The Unicode name list file NamesList.txt (also NamesList.lst) is a plain text file used to drive the layout of the character code charts in the Unicode Standard. The information in this file is a combination of several fields from the UnicodeData.txt and Blocks.txt files, together with additional annotations for many characters.
This document describes the syntax rules for the file format, but also gives brief information on how each construct is rendered when laid out for the code charts. Some of the syntax elements are used only in preparation of the drafts of the code charts and are not present in the final, released form of the NamesList.txt file.
The syntax for formal aliases and index tabs was introduced with Unicode 5.0. The syntax for marginal sidebar comments is utilized extensively in draft versions of the NamesList.txt file.
The same input file can be used for the draft preparation for ISO/IEC 10646 (referred below as ISO-style). This necessitates the presence of some information in the name list file that is not needed (and in fact removed during parsing) for the Unicode code charts.
With access to the layout program (unibook.exe) it is a simple matter of creating name lists for the purpose of formatting working drafts containing proposed characters.

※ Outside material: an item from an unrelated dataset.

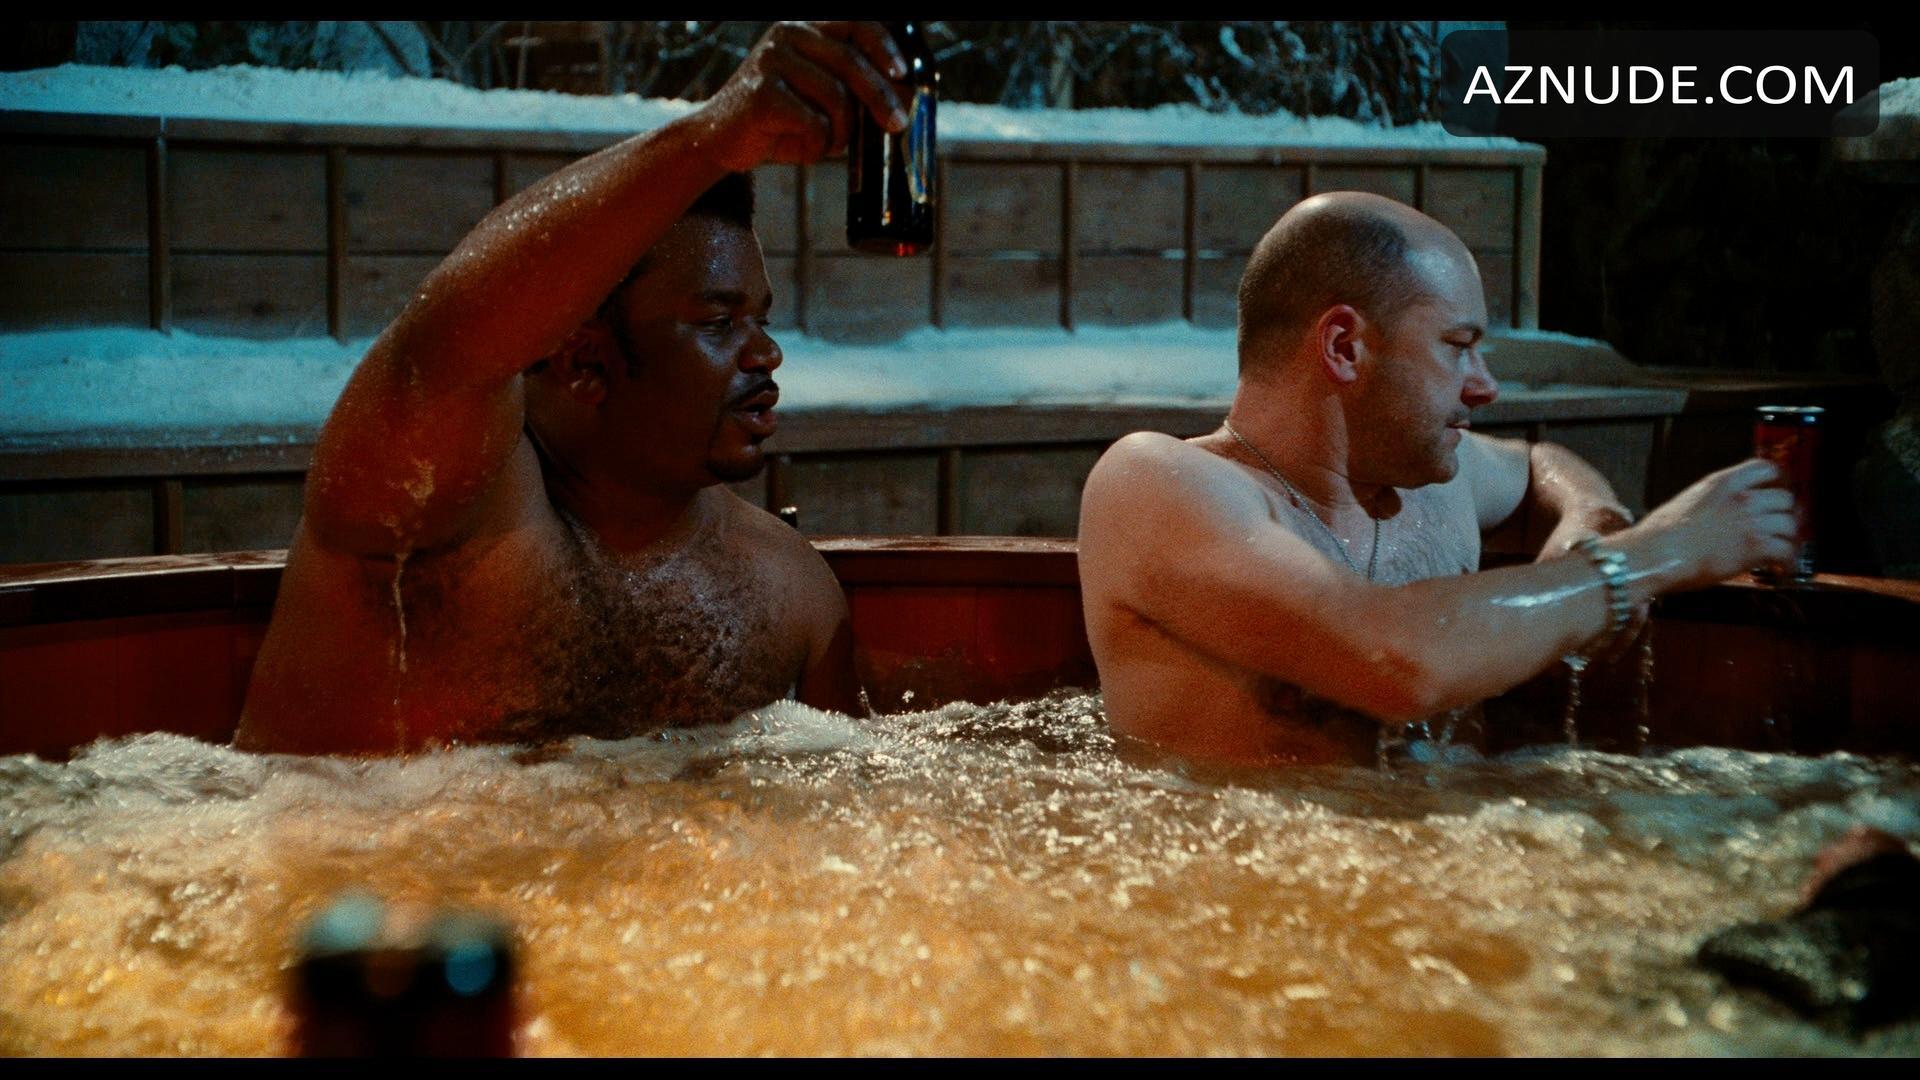 Hot tub time machine sexy

The content of the NamesList.txt file is optimized for code chart creation. Some information that can be inferred by the reader from context has been suppressed to make the code charts more readable.
The NamesList files are plain text files which in their most simple form look like this:
@@<tab>0020<tab>BASIC LATIN<tab>007F
; this is a file comment (ignored)
0020<tab>SPACE
0021<tab>EXCLAMATION MARK
0022<tab>QUOTATION MARK
. . .
007F<tab>DELETE
The semicolon (as first character), @ and <tab> characters are used by the file syntax and must be provided as shown. Hexadecimal digits must be in UPPER CASE. A double @@ introduces a block header, with the title, and start and ending code of the block provided as shown.
For a minimal name list, only the NAME_LINE and BLOCKHEADER and their constituent syntax elements are needed.
The full syntax with all the options is provided in the following sections.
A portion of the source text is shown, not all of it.